Exercise material:
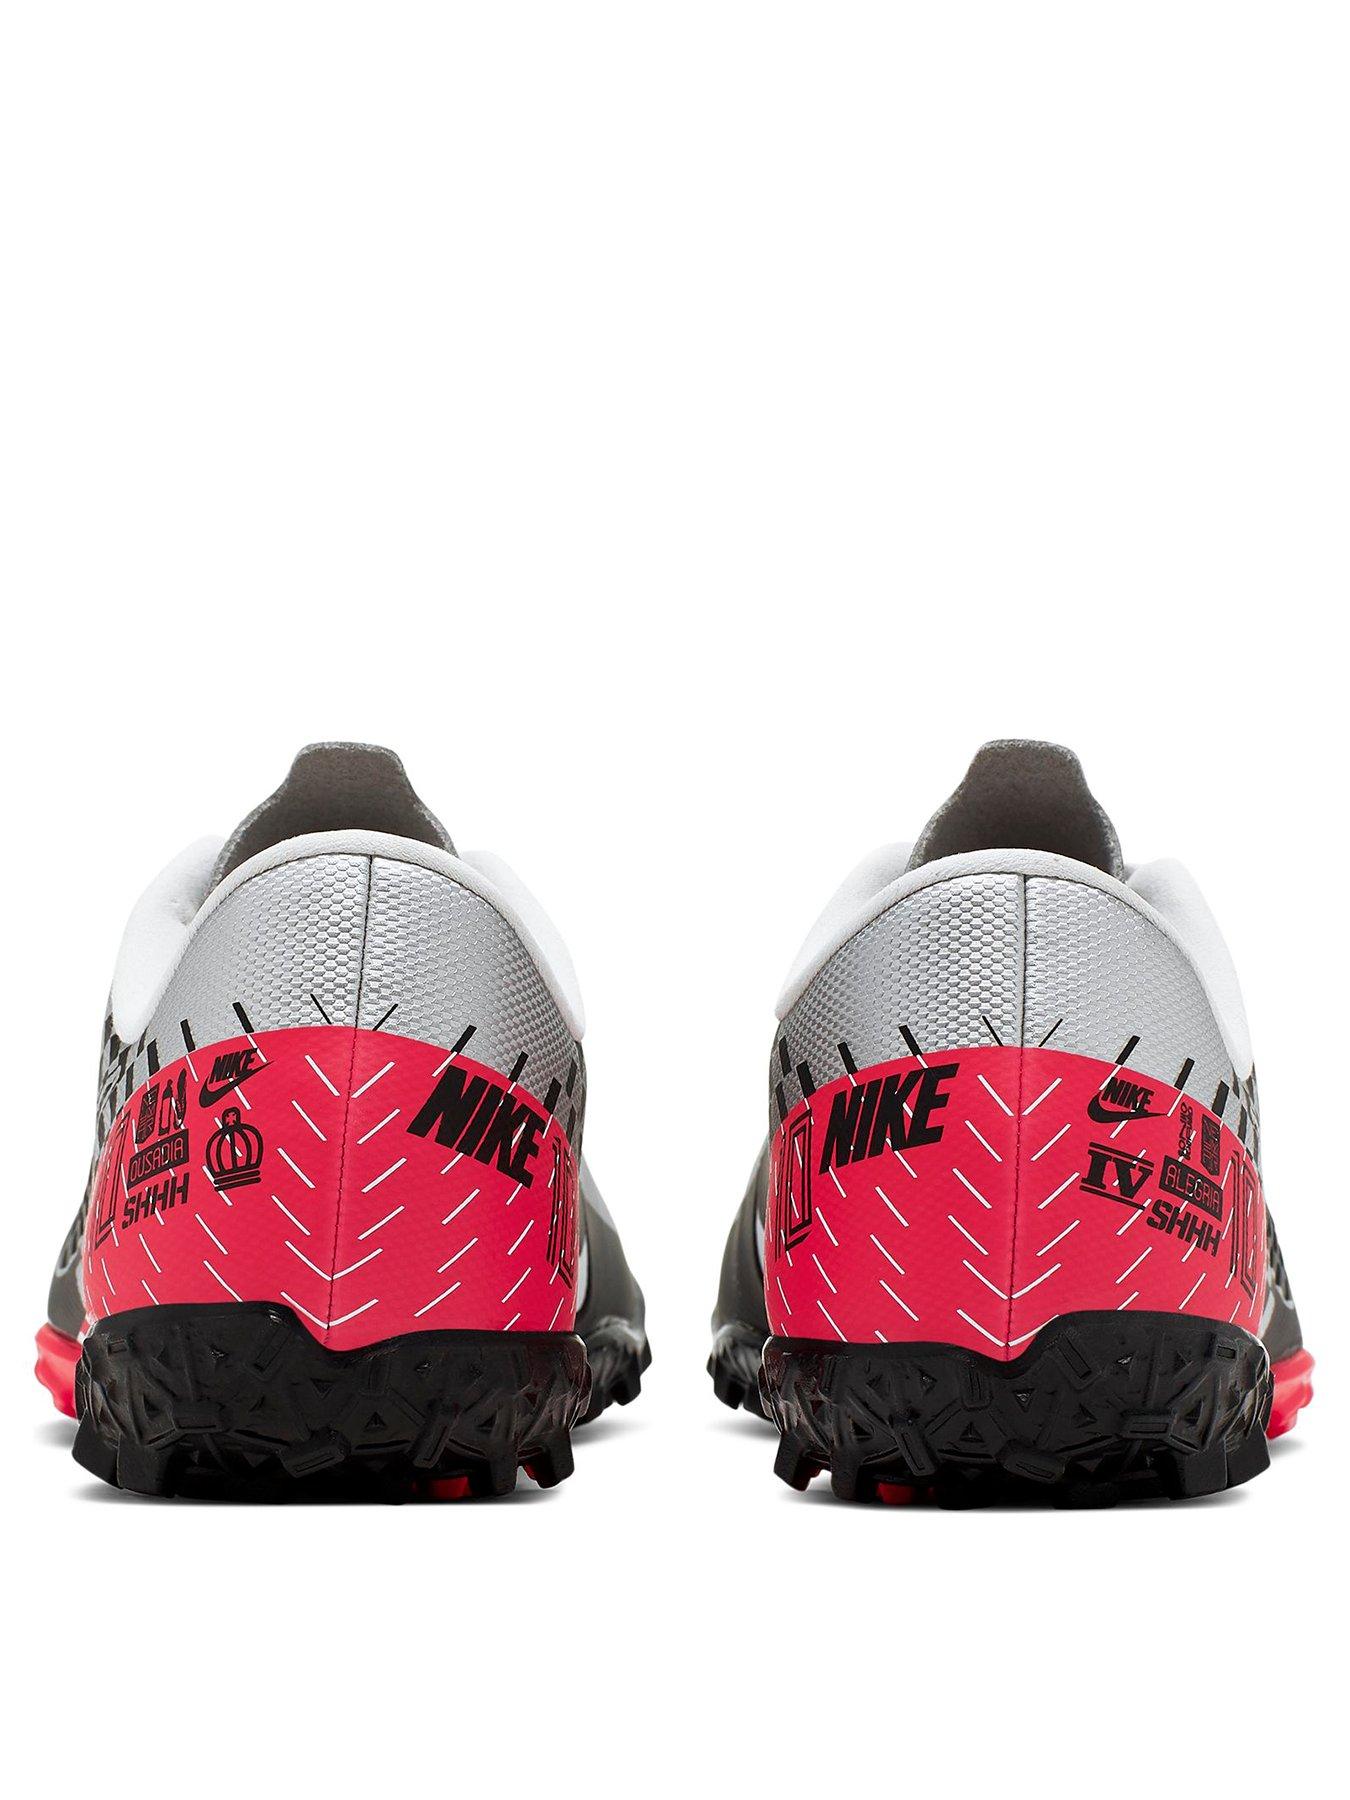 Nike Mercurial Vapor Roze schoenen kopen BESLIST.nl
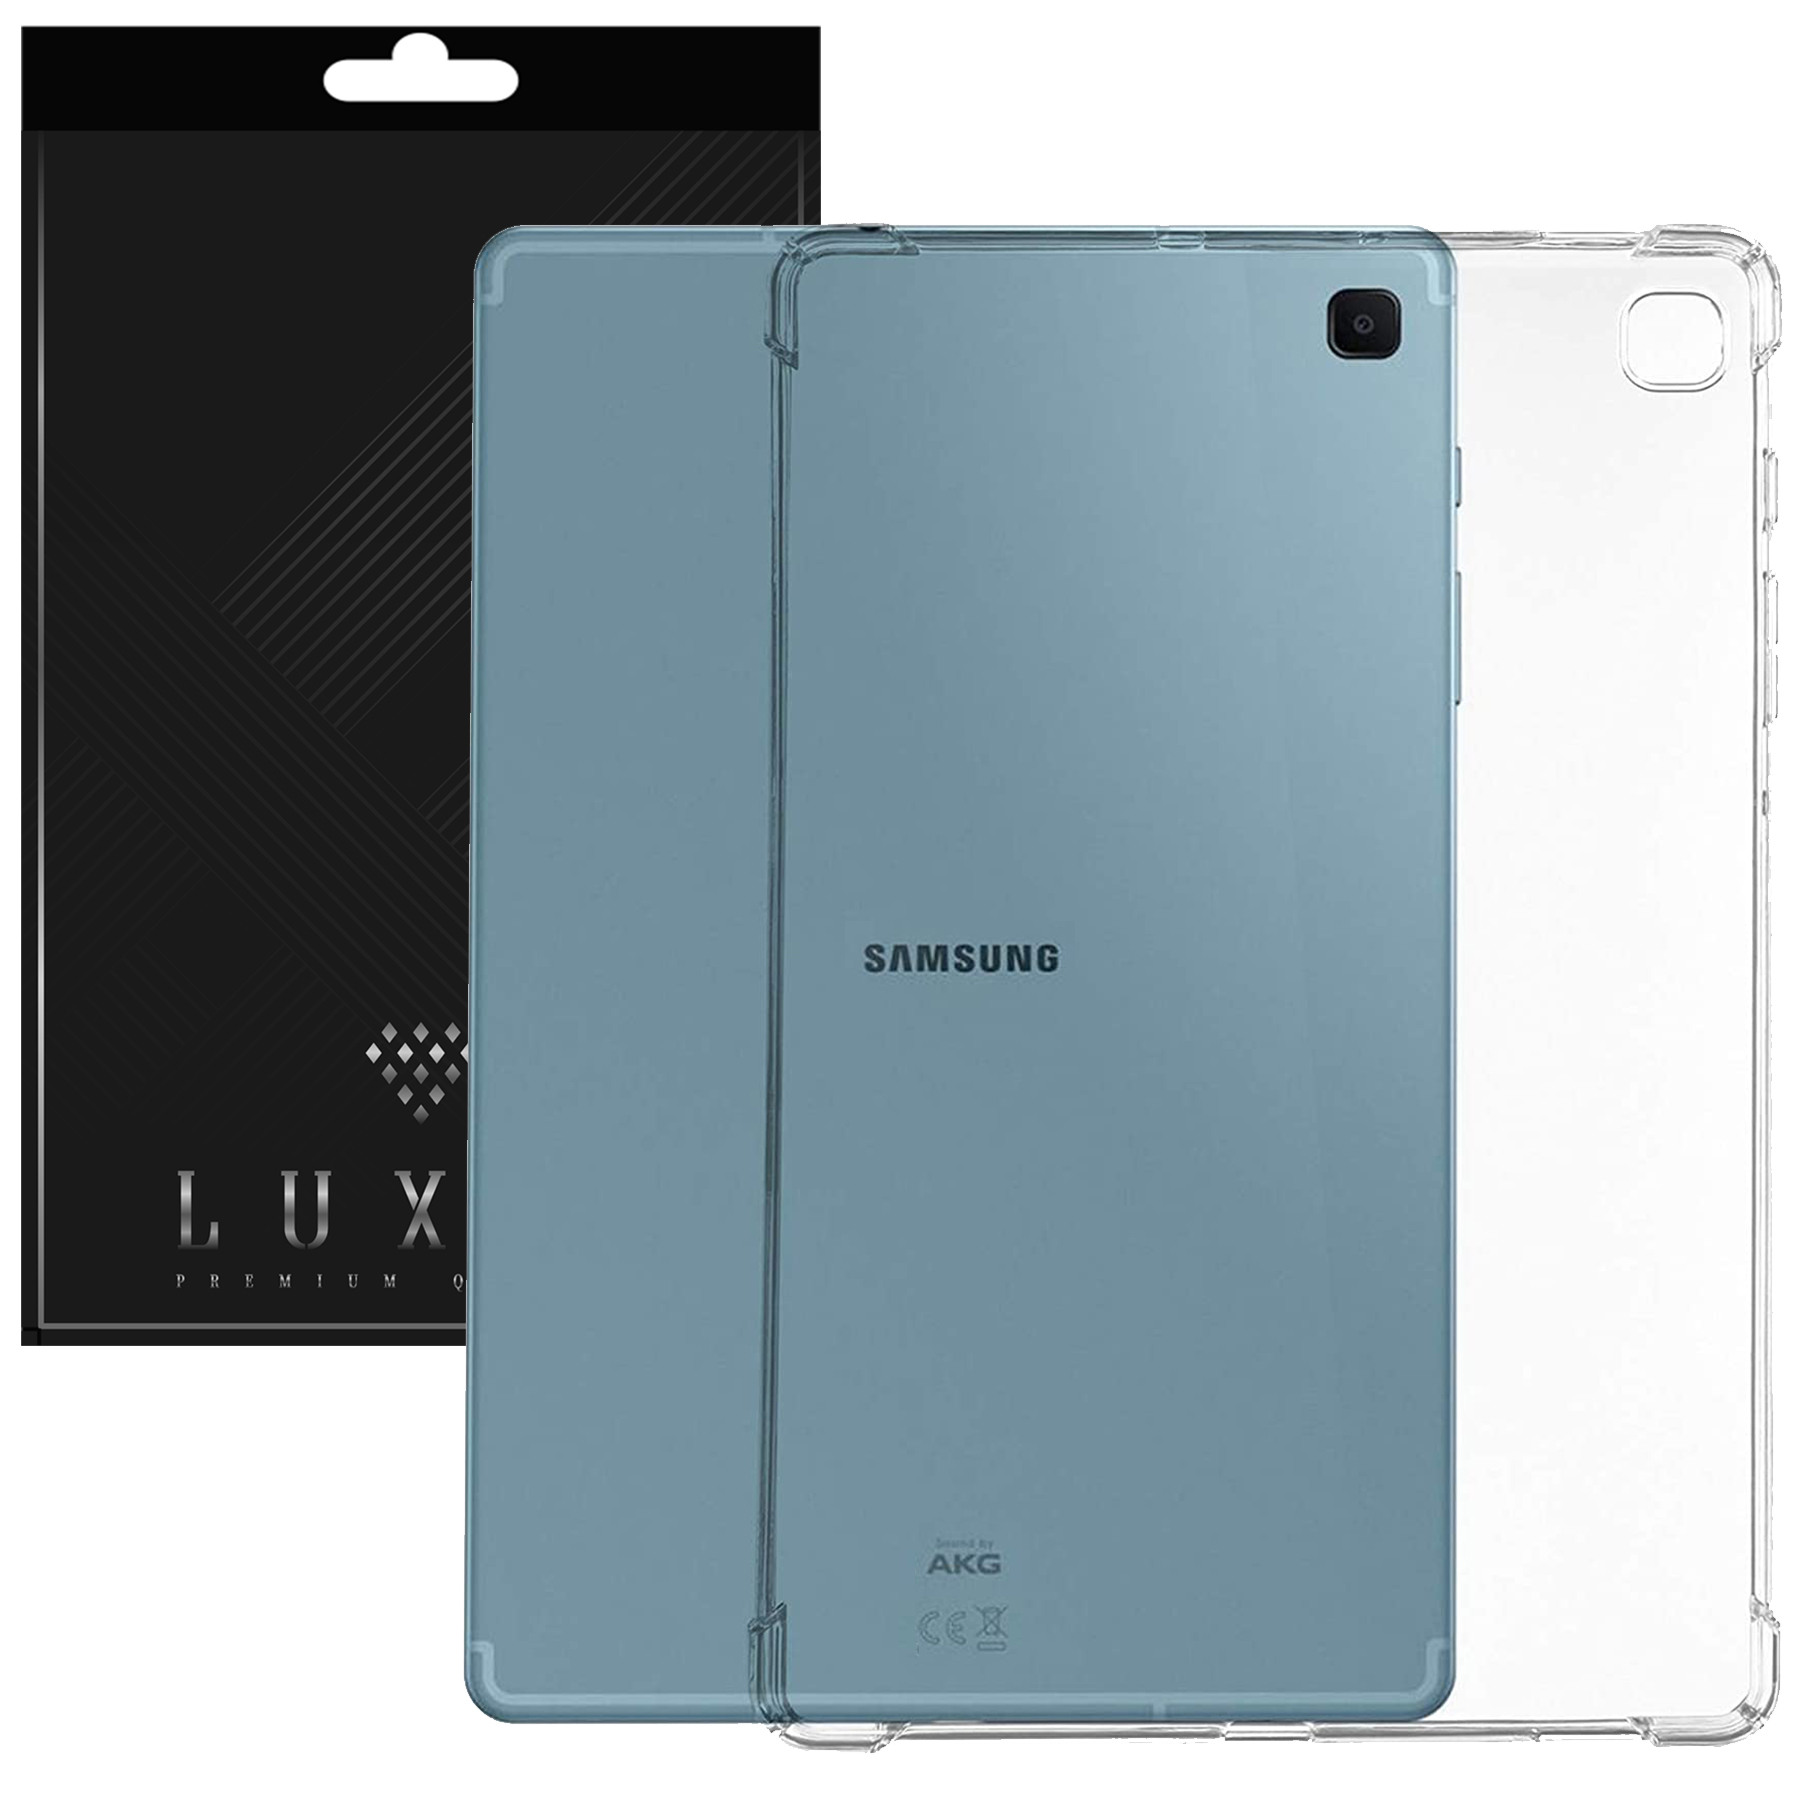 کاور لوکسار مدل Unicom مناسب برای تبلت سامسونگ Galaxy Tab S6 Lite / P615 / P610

--

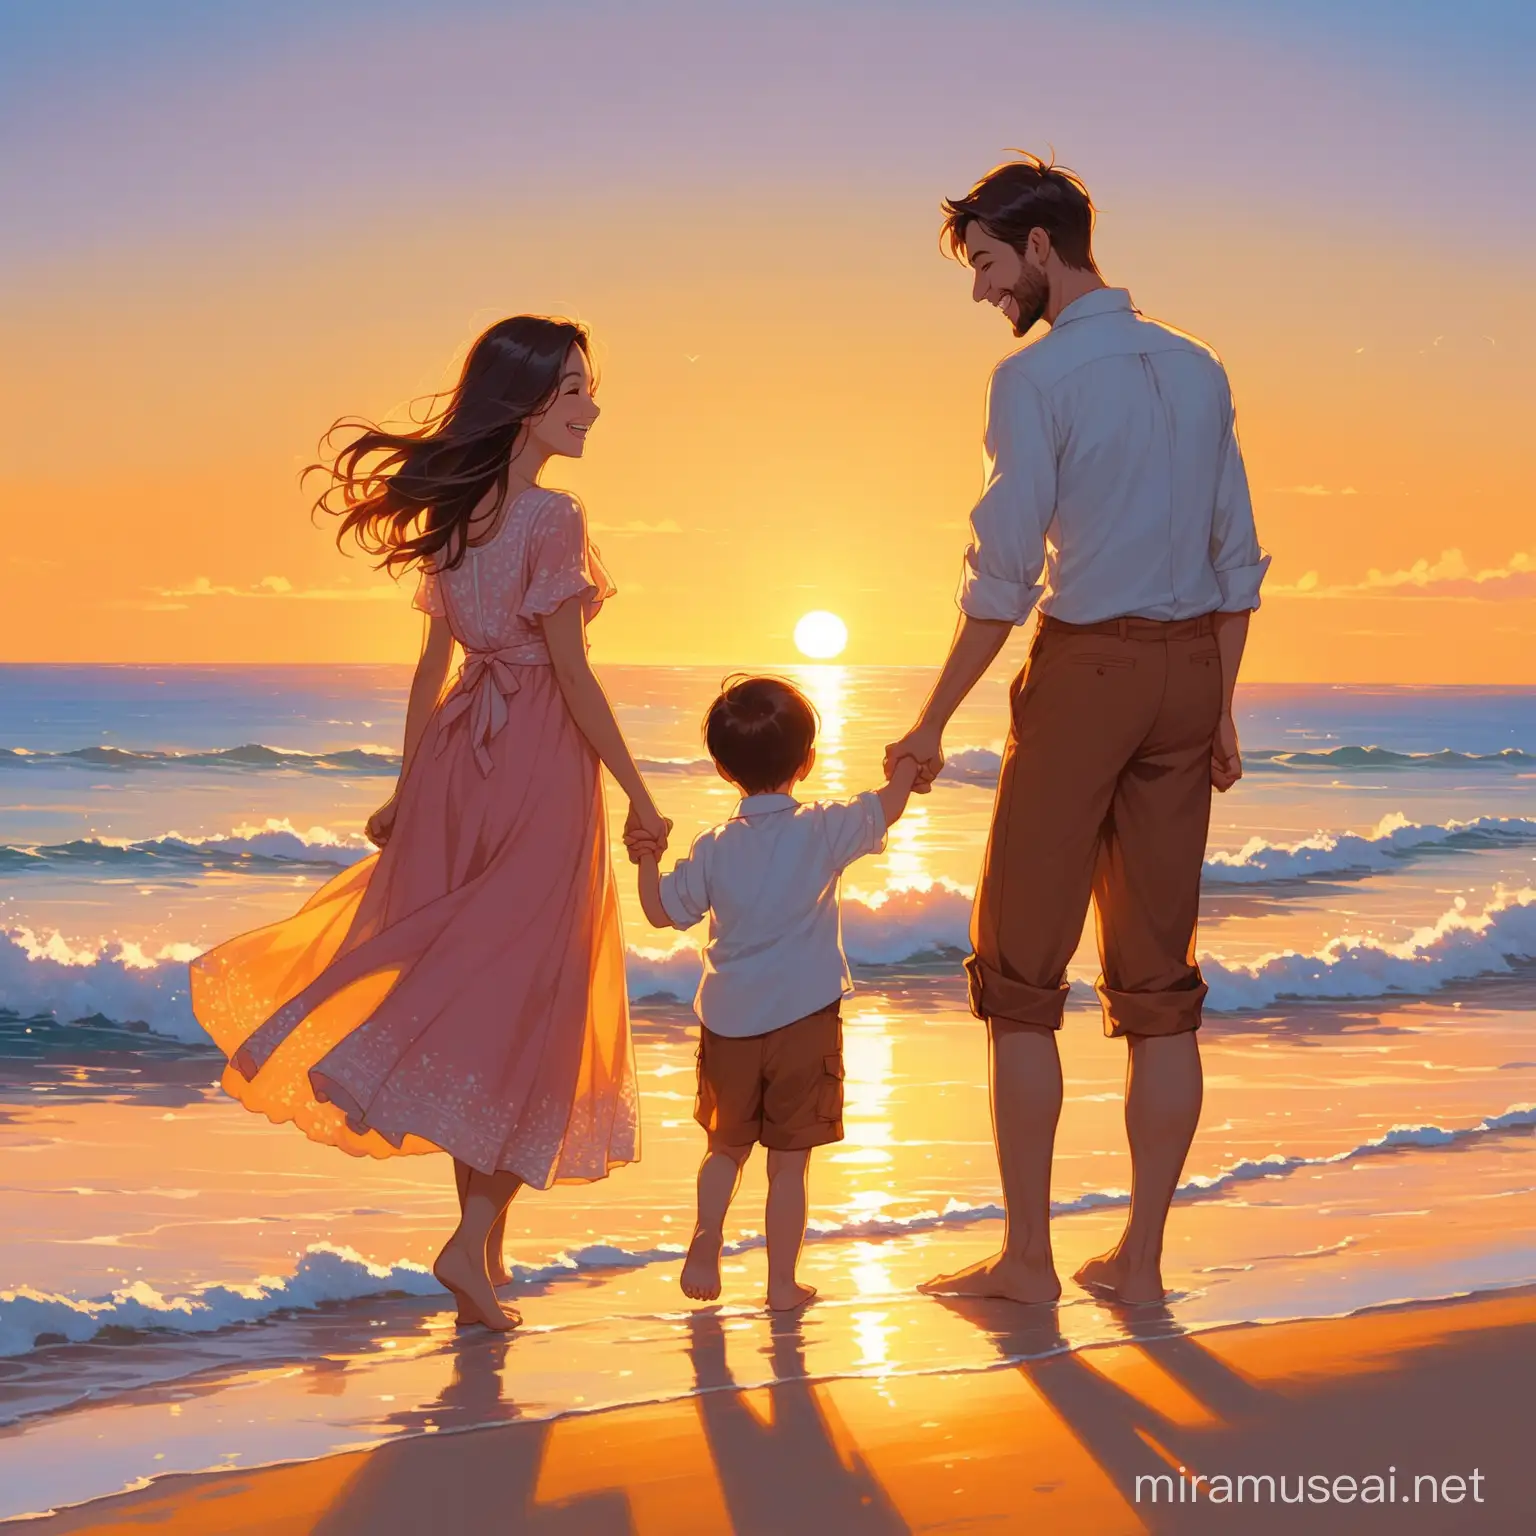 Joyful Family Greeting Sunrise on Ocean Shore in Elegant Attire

What you are asked to do:
Within the material above, only the stretch from the line holding "Nike Mercurial Vapor" through the line holding "کاور لوکسار مدل" is to be restated exactly. Pictures are dropped.

Finished task:
 Nike Mercurial Vapor Roze schoenen kopen BESLIST.nl
 کاور لوکسار مدل Unicom مناسب برای تبلت سامسونگ Galaxy Tab S6 Lite / P615 / P610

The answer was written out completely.